Even before his signature policy was passed, British Prime Minister Rishi Sunak stood at a lectern emblazoned with the slogan “stop the boats” on Monday, a reference to one of his key election goals. campaign promises. At a press conference, he told reporters that he would stop at nothing to pass the legislation, aimed at deterring people without visas from crossing the English Channel from France to England.

“No ifs or buts. These flights are going to Rwanda,” Sunak said. saying.

The plan is to send some of the people the government says are arriving in the UK illegally to Rwanda, where local authorities would process their asylum claims.

The United Kingdom signed a deal with Rwanda in April 2022, in which Rwanda agreed to process and settle asylum seekers initially arriving in Britain.

UK government says threat of being deported to Rwanda will increase deter immigrants the dangerous journey across the English Channel. recorded more than 4,600 immigrants crossing the English Channel from January to March, surpassing the previous total for that period.

Critics and lawmakers say there is no evidence the plan would work as a deterrent.

Sunak, who is behind in the surveys ahead of elections scheduled for this fall, he is staking his Conservative Party’s re-election campaign on this plan, despite several legal challenges from leading British and European courts. In one of his last moves, last year, Sunak presented “emergency“legislation to include in British law that Rwanda is a safe country, in a bid to save the plan after it was struck down by the UK Supreme Court.

No flights deporting migrants have left London for Rwanda in the two years since then-Prime Minister Boris Johnson first announced the plan. In June 2022, a plane was grounded by a last-minute ruling by the European Court of Human Rights, which intervened to stop the deportation of one of the asylum seekers on the flight.

This gave grounds for the remaining six people on the flight to bring legal appeals to the London courts. Last year, NPR spoke with an asylum seeker from Iran, who was on that grounded plane.

“They treated us like criminals and murderers. Every time they knock on the door, I think the authorities come to escort us back to that plane,” the man, who is now temporarily living in a hotel, told NPR.

The plan has been extensively developed. criticism of human rights groups and legislators from different parties, including some in Sunak’s own party, which they say is incompatible with the UK’s responsibilities under international human rights law.
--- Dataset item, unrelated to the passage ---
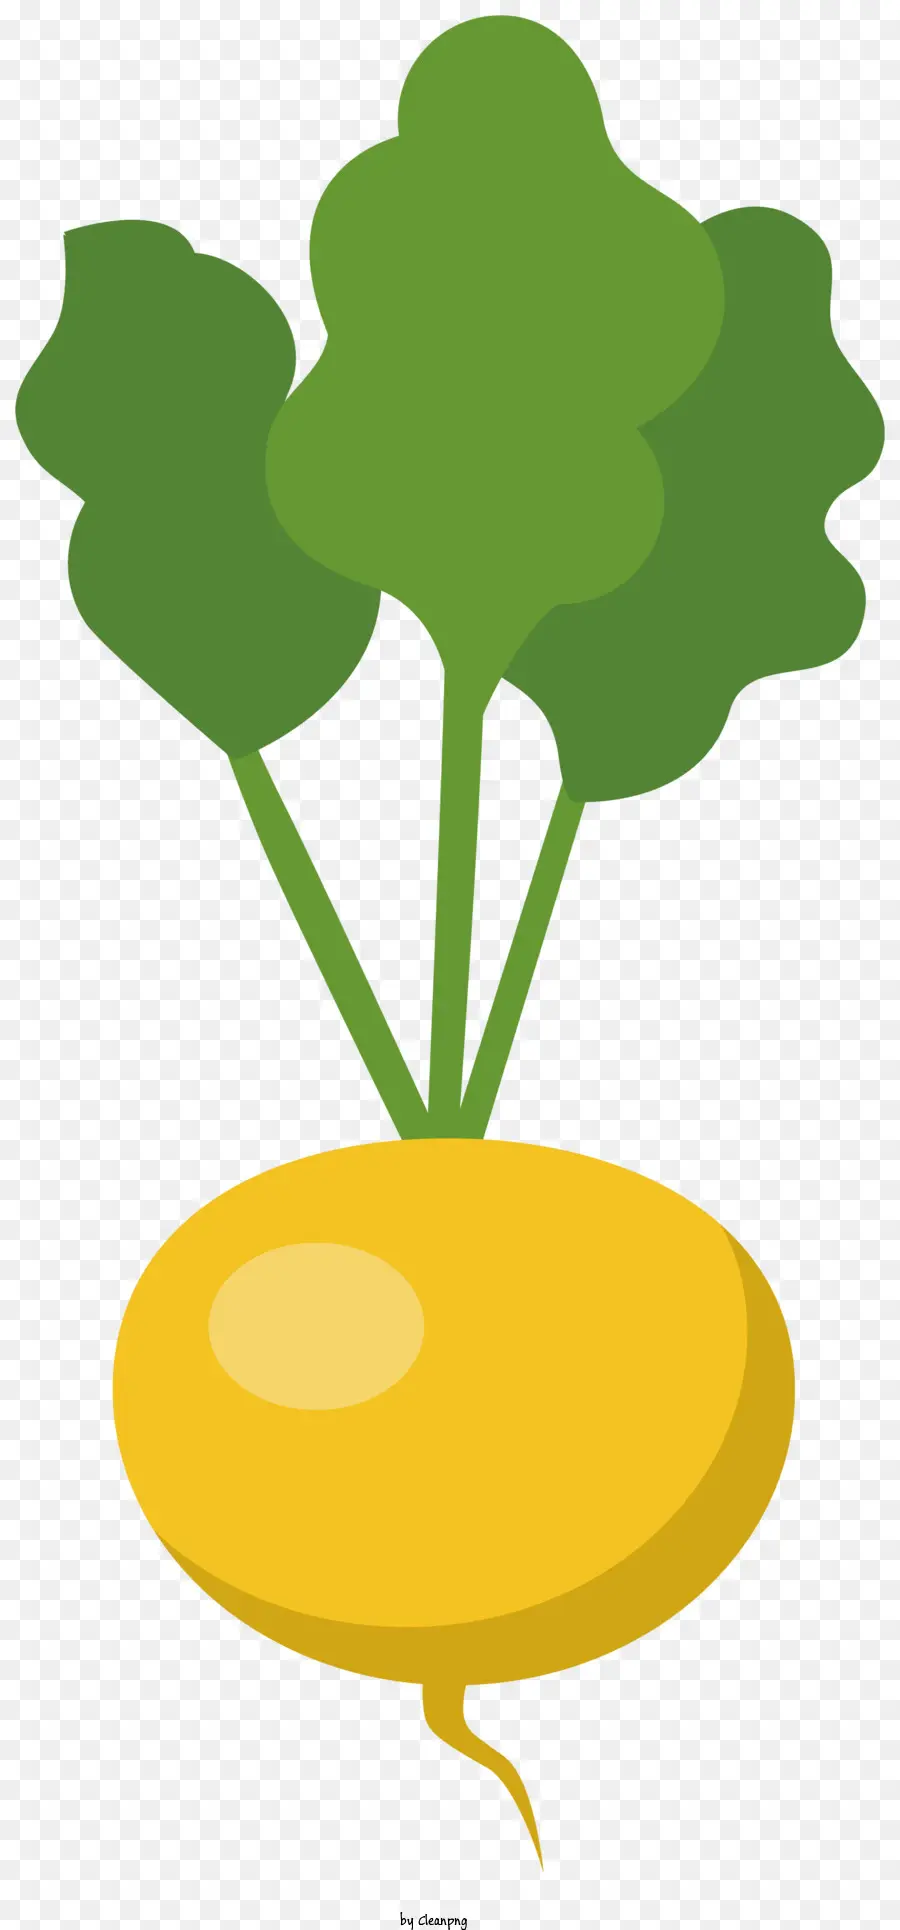 grünes Blatt - Goldene Radieschenpflanze mit einem grünen Blatt
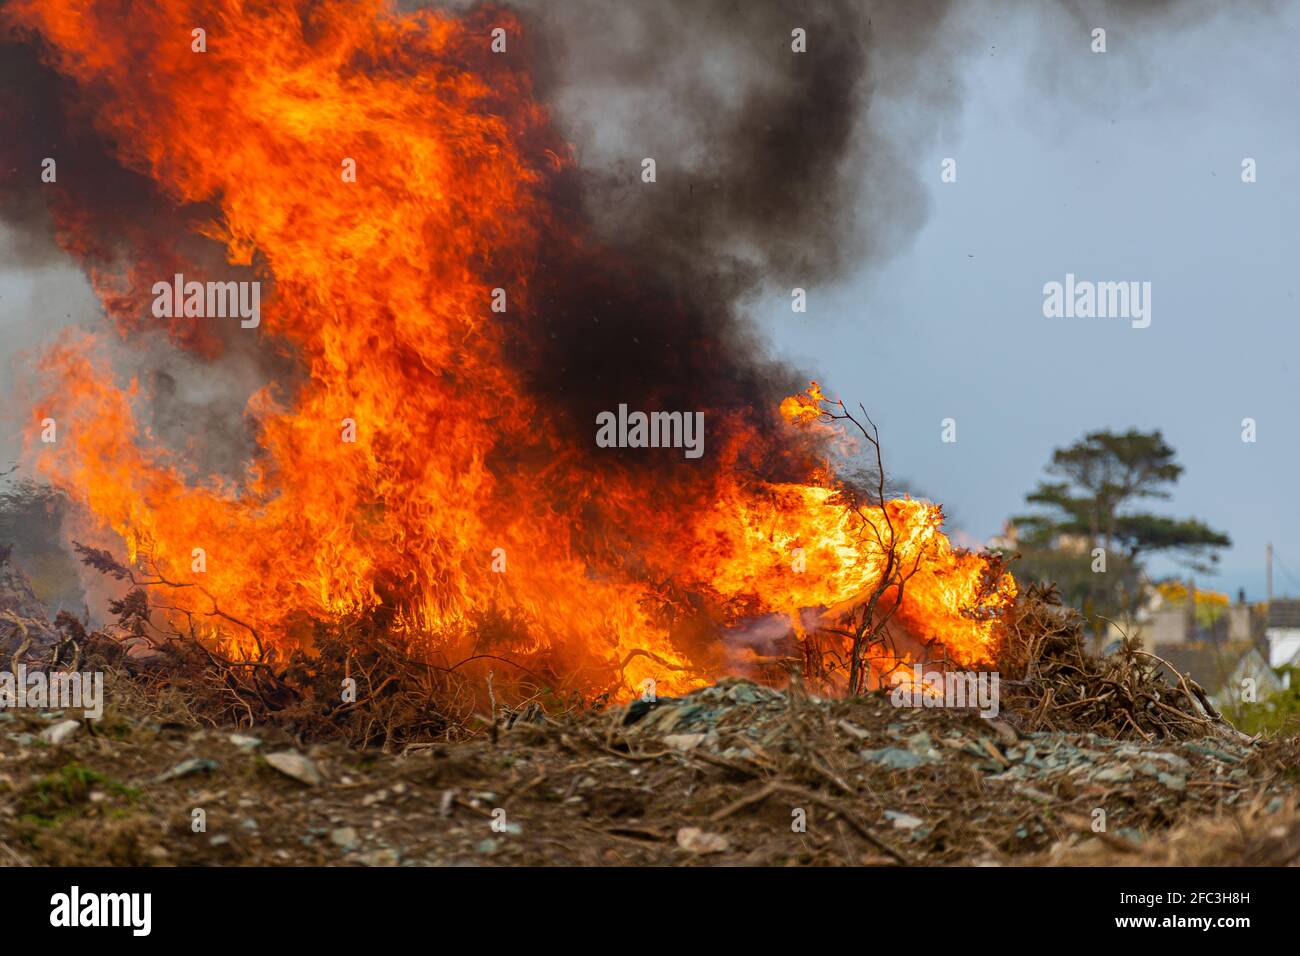 Gorse burning. Stock Photo

Many also say it is no coincidence that Sunak is pushing this through Parliament just months before the planned election.

“A lot of this is performative cruelty,” says Daniel Merriman, a lawyer who has represented some of the asylum seekers scheduled for deportation to Rwanda in the past. “The elephant in the room in the next election.”

Opinion polls show that the British public is largely divided on the idea of ​​deporting asylum seekers to Rwanda.

“In principle, people are really divided down the middle,” says Sunder Katwala, director of British future, a nonpartisan think tank that researches public attitudes. “On the question of whether this is going to happen, whether it is going to work and whether it will be profitable, there is a majority that is already very skeptical about this.”

The British government has already paid Rwanda Almost 300 million dollars to host asylum seekers. Britain doesn’t want to.

Although Sunak’s Conservatives largely support the move to Rwanda, some hardliners in his party say the latest version of the legislation, which has been rewritten several times, is not strict enough. Suella Braverman, a former interior minister who spearheaded the Rwanda plan when she was in office, said the last The version had “fatal flaws”, with “too many loopholes” that would not stop the crossings.

While Sunak may have cleared one hurdle this week, experts say he can expect others.

“Your real headaches could be ahead. Now you have to prove whether it works or not,” says Katwala.

One challenge can be getting an airline agree to participate. On Monday, experts from the United Nations High Commissioner for Human Rights aviation authorities warned against facilitating what he called “illegal expulsions” of asylum seekers to Rwanda, saying they risk violating international human rights laws.